In La La Land, Ryan Gosling’s character goes off to enjoy fame and fortune whilst his girlfriend continues to struggle through the cut-throat terrain they once navigated together. And after the initial inevitable phenomenal praise, came the more provocative think pieces. Maybe these two had given up on love, putting their selfishness and their egos above each other and turning their backs on the most important thing of all – love. It all sounds a bit gross and idealistic, and Hollywood portrayals of Hollywood are of course wildly satirical. But it came at a poignant time for me. I don’t want to give up on love and for a long time I’ve clung desperately to the promises he made me, that are slowly but surely getting lost in the shadow of his swelling success. His accomplishments fuel my self-doubt, and he doesn’t have the patience to alleviate that.

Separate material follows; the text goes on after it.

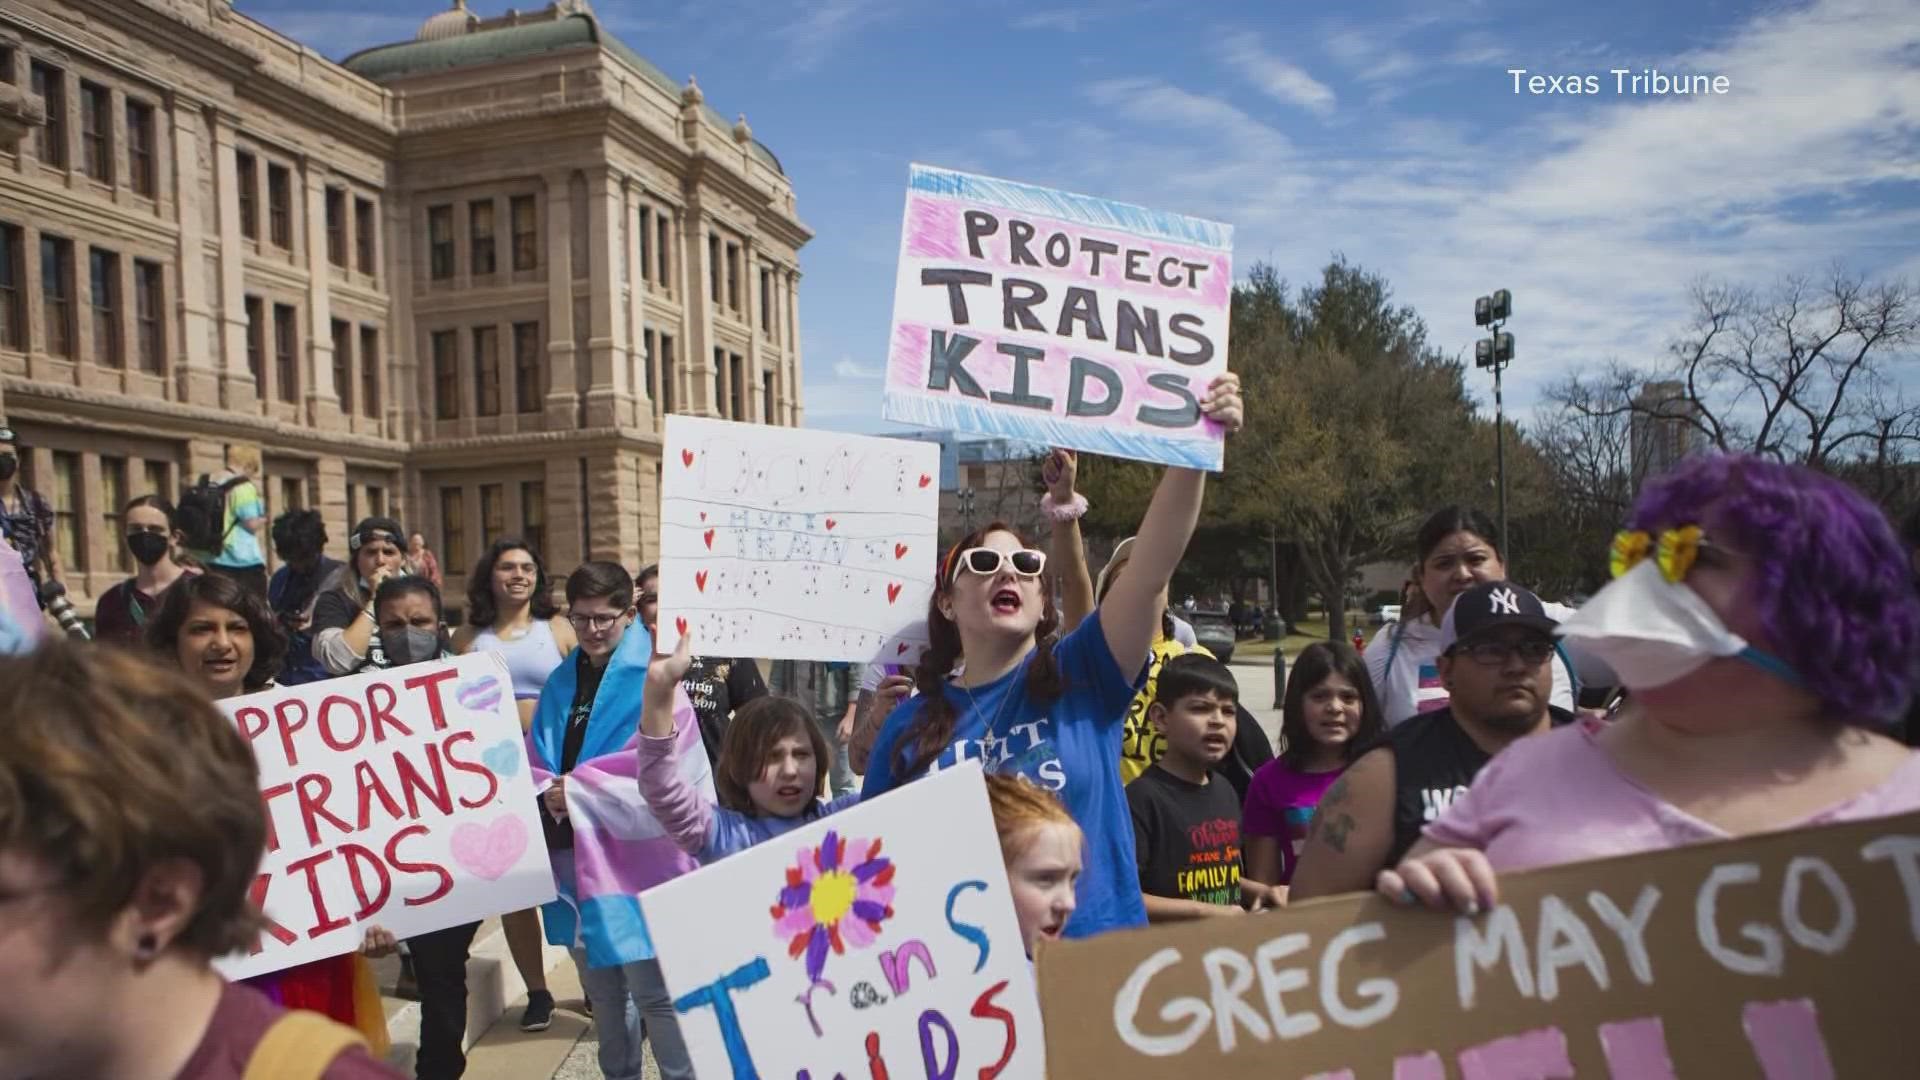 Governor Abbott’s directive to the Department of Family and Protective Services is to investigate some parents of transgender children for potential child abuse.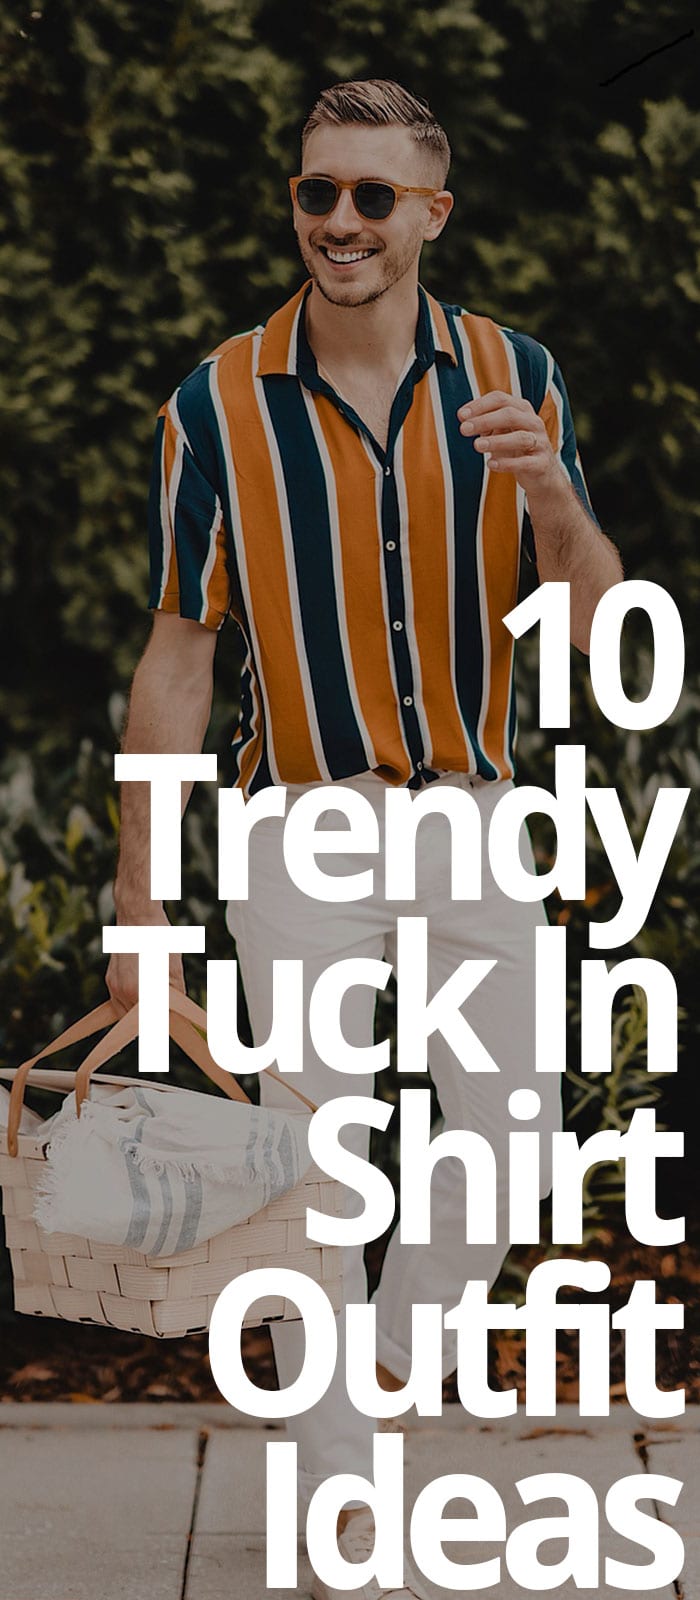 10 Trendy Tuck In Shirt Outfit Ideas.

It’s been six months now, and within my own life I’ve managed to establish a more solid foothold and get on top of a career and the difficult emotions that had been wearing me down. We still haven’t really come to any solid conclusions and the stakes are still really high, but I feel hopeful that having my own stuff to focus on will take some of the pressure off relying on him for stability. I’m learning (as I’ve often had to do in the past) how to put blinders on, and concentrate on the path ahead of me.

Shirlee agrees: ‘It’s a misconception that our partners are responsible for our lives and our happiness. They can support us in our struggle, but that’s it.’ And since we couldn’t, ultimately, support each other, maybe this is the best way.

It might not be the Hollywood ending, but then, neither was La La Land.